There now remains the question of whether the error of the trial court in excluding evidence of appellant’s reasons for his opinion requires a reversal of the judgment. This question must be determined in the light of the entire record. *774Appellant concedes that his estimate of $5,000 per acre “was greatly in excess of prices quoted by other witnesses and standing by itself appears ridiculous. . . .” The record bears out this statement. Expert witnesses, whose qualifications are conceded by all, were produced by both parties. These experts were asked to give their estimates of the “market value” of appellant’s land and not a single estimate of the “market value” given by any expert, including appellant’s own expert, was in excess of approximately $980 per acre. In testing the opinions of these experts on cross-examination, the witnesses were examined at length concerning sales in the vicinity. This evidence covered numerous sales made both before and after the enactment in 1941 of the ordinance zoning that area into a single family residence district. This evidence showed that the property in the area had sold at prices ranging from $600 to $700 per acre, and there was no evidence of any sale at any time of land in that general area at a price in excess of $700 per acre.
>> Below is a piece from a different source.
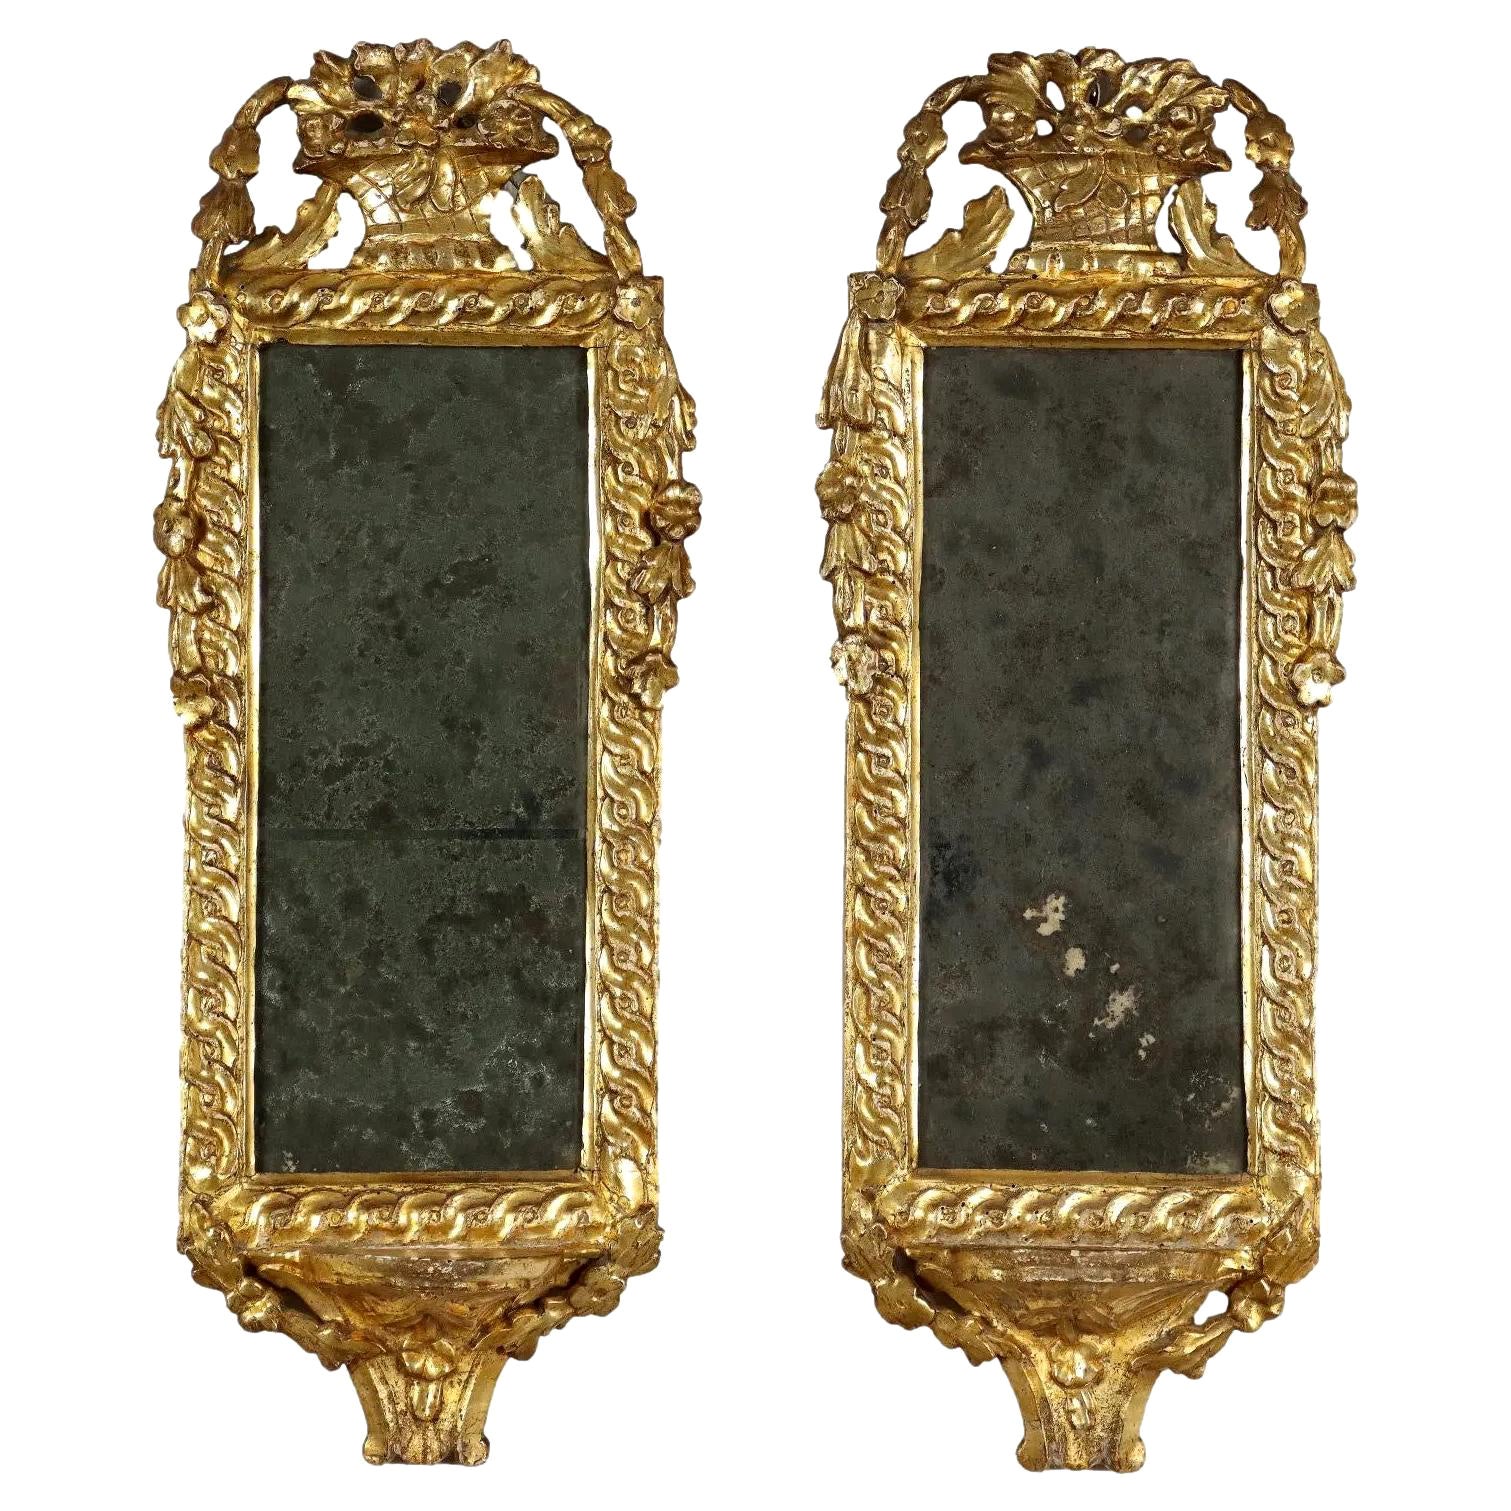 Zwei italienische neoklassische Spiegel aus Giltwood - CIRCA 1780

Appellant’s estimate of $5,000 per acre as the market value of the land was therefore more than five times the market value per acre given by his own expert and was more than seven times the amount per acre which the evidence showed that any other land in the vicinity had ever brought.

When the objection was sustained to the question under consideration, appellant made no offer of proof and there is not the slightest indication in the record or in the briefs concerning the nature of the testimony which appellant would have given in reply to the question. It can only be surmised that appellant was basing his estimate upon his speculation that the zoning ordinance might be modified at some future time to permit the use of the property for industrial purposes, and that the property might under those circumstances have greatly increased market value. As above indicated, there is nothing in the record to suggest that there is any reasonable probability of such modification in the near future or that any speculative possibility of such modification has had any influence whatever upon the market value of the property. As appellant’s estimate of market value was entirely out of harmony with all other evidence in the record, including that given by his own expert, and as appellant has not suggested either in the trial court or in this court any rational basis for such estimate, it seems apparent that such estimate was nothing more than wishful guessing on the part of an interested owner. *775It further appears that in the event of another trial, it would be highly probable that appellant would be awarded less, rather than more, than the $20,000 awarded by the judgment from which this appeal was taken. Under these circumstances, we cannot reach the conclusion that the error of the trial court in excluding the evidence in question was prejudicial or “that the error complained of has resulted in a miscarriage of justice.” (Const., art. VI, §4½.)

The judgment is affirmed.

Gibson, C. J., Edmonds, J., and Traynor, J., concurred.